His physical tools — a 6’3 average athlete with an average wingspan — point to defensive issues in the NBA, as well as the fact he won’t bully anyone with his size. But if he can follow a similar path as Georges Niang by using his basketball IQ to make up for it, there’s a path to the NBA.

But it will start in Fort Wayne if the Pacers sign him.

While Elmore does many things you hope an NBA could do, he wasn’t done them consistently against top-flight competition. Elmore needs to prove that his playmaking and passing are enough to overcome his lack of quickness. The former Herd point guard must show he can knock down 3-pointers and stretch the floor against tough competition.

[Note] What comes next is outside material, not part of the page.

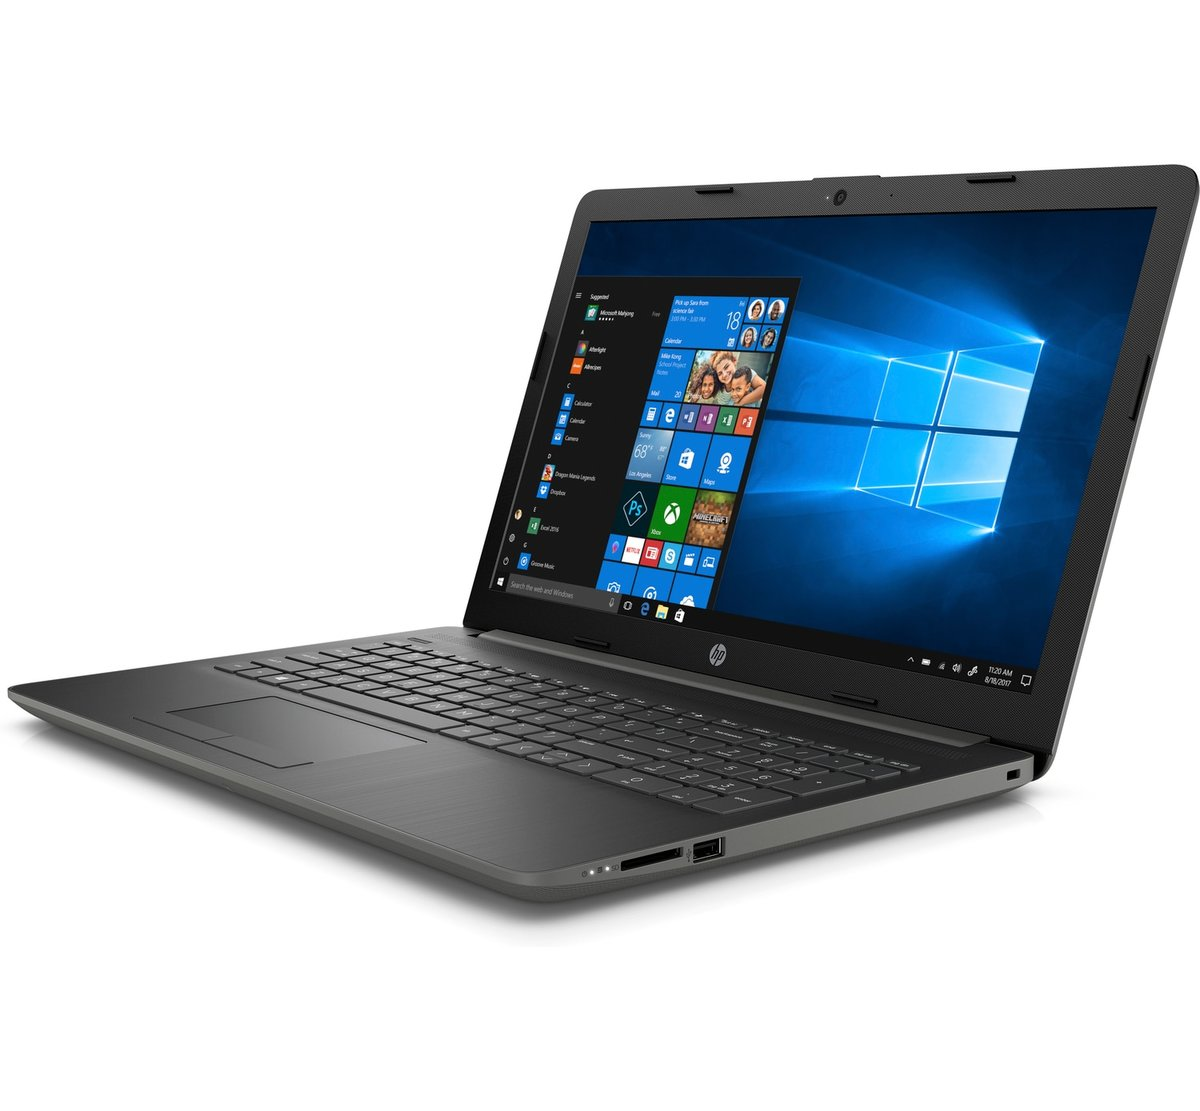 Office Depot - how to download roblox on hewlett packard laptop

Letting him prove himself on your Summer League team and then placing him on your G-League team is the right approach for a player like Elmore. He’ll need to sharpen his decision making, and maybe that passing and scoring don’t translate to the NBA, but it’s worth finding out if it does.

Next: Jontay Porter, Chuma Okeke are risks worth taking

Jon Elmore isn’t worth taking a big risk on, which is why he likely isn’t getting drafted, but he is worth taking a risk, even if a small one. Some NBA team will take a flier on him to find out if his skill can translate, and I hope it’s the Pacers. But I am a little biased.